Note: The AM57x device has two IPU subsystems (IPUSS), each of which has 2 cores. IPU2 is used as a controller in multi-media applications, so if you have Processor SDK Linux running, chances are that IPU2 already has firmware loaded. However, IPU1 is open for general purpose programming to offload the ARM tasks. (IPC for AM57xx)

Running the ipc tests

  • Build the ipc bios examples
    $ cd $TI_RTOS_PATH/processor_sdk_rtos_am57xx_09_03_00_00/
    $ make ipc_bios -j$(nproc)
    
  • Copy the build example files
    $ scp -r $TI_RTOS_PATH/ipc_3_52_00_00/packages/ti/ipc/tests/bin/* root@<IP_ADDRESS>:/home/root/ipc-tests/
    
  • load new firmware on DSPs/IPUs
    root@mitysom-am57x:~# ln -sf /home/root/ipc-tests/ti_platforms_evmDRA7XX_dsp1/messageq_single.xe66 /lib/firmware/dra7-dsp1-fw.xe66
    root@mitysom-am57x:~# echo 40800000.dsp > /sys/bus/platform/drivers/omap-rproc/unbind
    root@mitysom-am57x:~# echo 40800000.dsp > /sys/bus/platform/drivers/omap-rproc/bind
    
  • devkit: run example arm app
    root@mitysom-am57x:~# MessageQApp 1 4
    [19864.018829] omap-iommu 55082000.mmu: 55082000.mmu: version 2.1
    [19864.055328] omap-iommu 40d01000.mmu: 40d01000.mmu: version 3.0
    [19864.061248] omap-iommu 40d02000.mmu: 40d02000.mmu: version 3.0
    Using numLoops: 1; procId : 4
    Entered MessageQApp_execute
    Local MessageQId: 0x80
    Remote queueId  [0x40080]
    Exchanging 1 messages with remote processor DSP1...
    MessageQ_get #1 Msg = 0xb6500808
    Exchanged 1 messages with remote processor DSP1
    Sample application successfully completed!
    Leaving MessageQApp_execute
    
    root@mitysom-am57x:~# MessageQBench 1000 8 4
    Using numLoops: 1000; payloadSize: 8, procId : 4
    Entered MessageQApp_execute
    Local MessageQId: 0x80
    Remote queueId  [0x40080]
    Exchanging 1000 messages with remote processor DSP1...
    DSP1: Avg round trip time: 139 usecs
    Leaving MessageQApp_execute
    

Note: DSP1 is procId: 4, DSP2 is procId: 3

Note: As of 03/08/2021 the sdk-linux docs have the wrong MessageQBench arguments. Reported to TI

Timing the IPC latency using MessageQBench

Test: Send 3 doubles from the DSP to the ARM

Note: MessageQBench times messages from ARM->DSP->ARM, with messages sent one at a time

Assuming the setup time is static: The example is sending ~7,812 messages a second, double that for both directions.
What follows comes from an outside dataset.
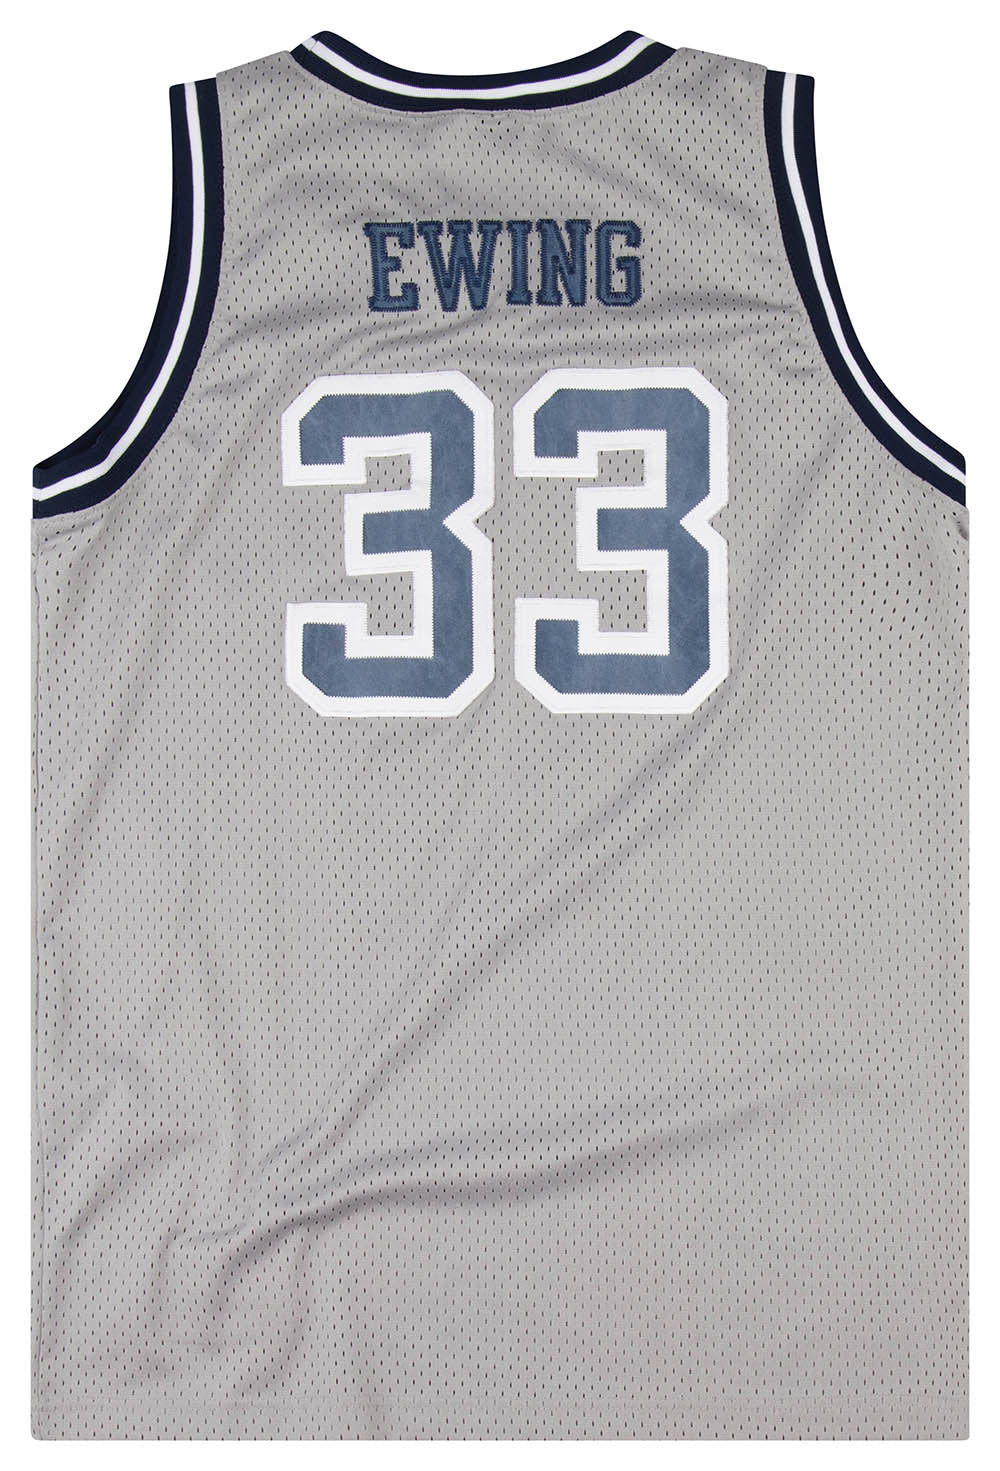 Nike Georgetown Hoyas Basketball Patrick Ewing #33 Throwback Jersey Men's  2XL

(2.43s-1.15s)/10000 = 128 us
1/(128us) = 7812.5

Changing it to floats (12 bytes) resulted in ~10k messages a second.

Also ran two copies of the benchmark to each DSP resulted in the same timings, so we could likely get higher throughput numbers if both DSPs are sending data, assuming the DSP calculations aren't the bottleneck.

Show log...

Building and running the big-data-ipc example (WORK IN PROGRESS)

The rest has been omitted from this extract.